The increase, in large part, will go to cover the hike in costs to maintain the new course. Stastny says the new course’s annual maintenance budget will be $350,000. "Even in a good year, that would have eaten up most of our revenue from the old course," he says.

During the last two years, the 100-year-old golf course generated around $400,000 in annual revenue for Audubon Nature Institute, a total that includes greens fees and golf cart rentals for the average 32,000 to 35,000 rounds of golf played there each year.

A feasibility study for the new course projects revenue from fees and cart rentals at the new course will reach $780,000 in the first year and hit $1.2 million by the 10th year.

Stastny estimates the institute will see an additional $50,000 to $75,000 in revenue from a pro shop and food court located in the new club house. Accessible only from Magazine Street, the new $1.5 million clubhouse replaces the old clubhouse on Walnut Street, which was privately operated by the Audubon Golf Club.
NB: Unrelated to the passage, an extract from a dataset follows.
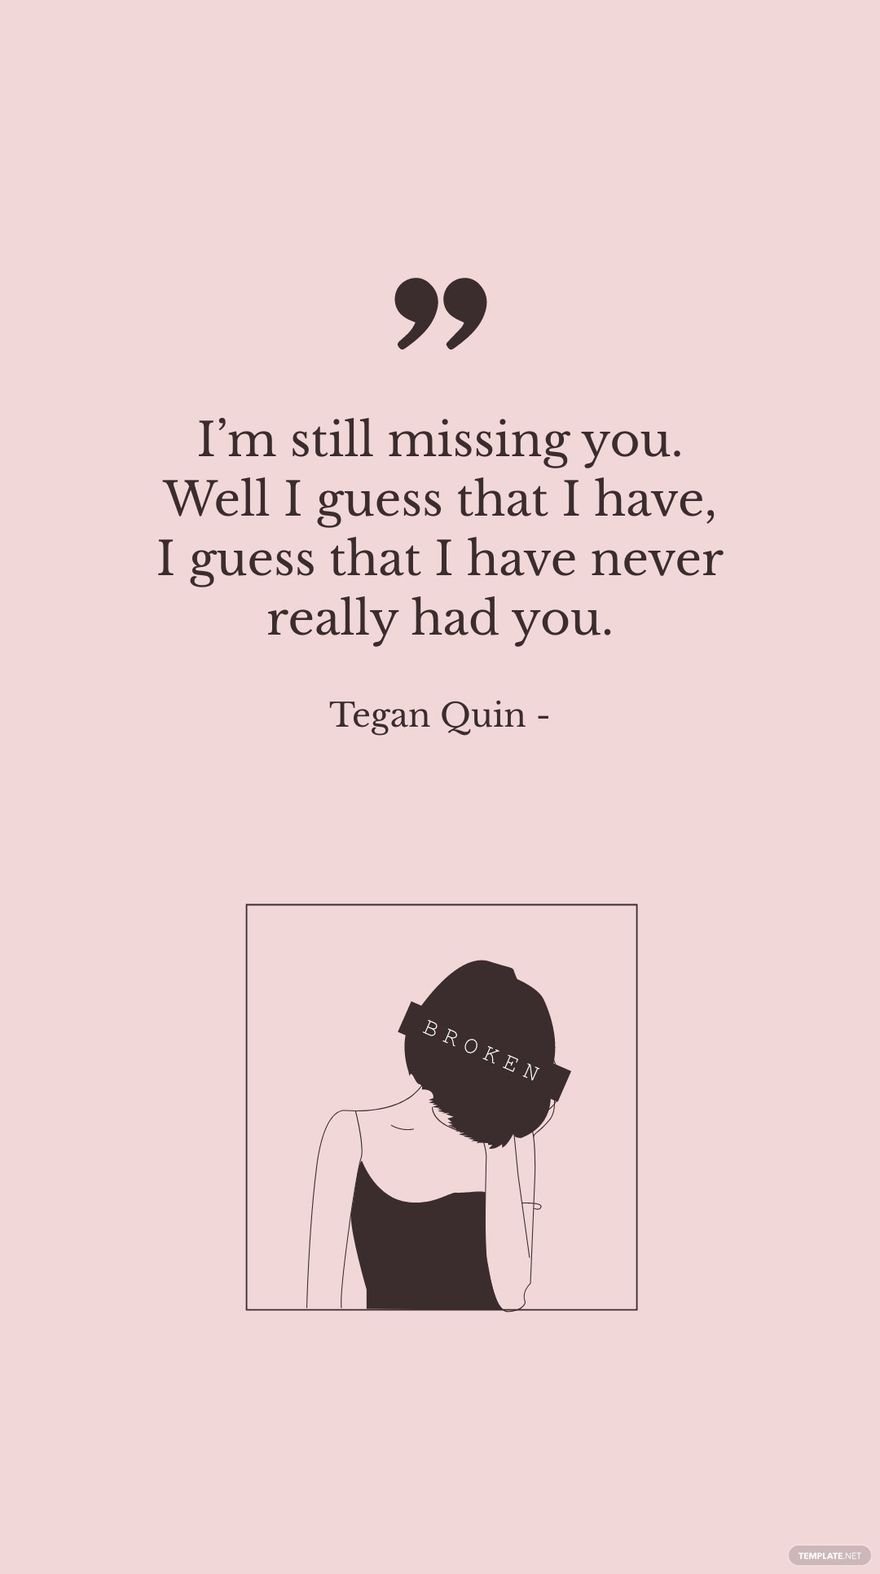 Free Tegan Quin - I’m still missing you. Well I guess that I have, I guess that I have never really had you. in JPG

Answering criticism that the institute is more interested in financial gain than "celebrating the wonders of nature" as its motto claims, Stastny says: "We plead guilty to the charge that we need money to run our facilities."

With private donations hitting a plateau, costs rising and public money sources exhausted, he says, "that money has to come from somewhere."

Revenues from Audubon Nature Institute properties totaled $28.5 million in 2000. Operating expenses in those facilities reached $27 million, according to the institute’s year-end 2000 annual report. Year-end profits go into either a capital expenditure fund for future projects or are reinvested in physical assets, says an Audubon spokeswoman.

Audubon ended a three-year fund-raising campaign last year, which brought in nearly $60 million to pay for the new entrance at the Audubon Zoo and a new sea otter exhibit at the aquarium. A separate Audubon Annual Fund drive raised $266,000 last year, which the organization says is a record high. And the annual Bank One Zoo-To-Do fund-raiser broke the $1 million mark, also an Institute record.

Critics of the golf course plan say the institute is looking to the publicly owned Audubon Park to further its own financial agenda. They say the park was originally designed to be a public oasis for area residents, not a revenue source for its custodian.

Audubon’s Ron Forman says many New Orleanians are simply resistant to change.

The same "negative element" has fought Audubon’s restoration of the zoo and construction of the aquarium and taken issue with plans to build an insectarium downtown, he says. "But you know what? At the end of the day, they all come up and shake my hand and say: 'Man, what a beautiful project. I was with you all the way.'"

Construction of the new Audubon Golf Course began in early August and is expected to end in December, leaving time for new greens and fairways to sprout for a targeted fall 2002 opening.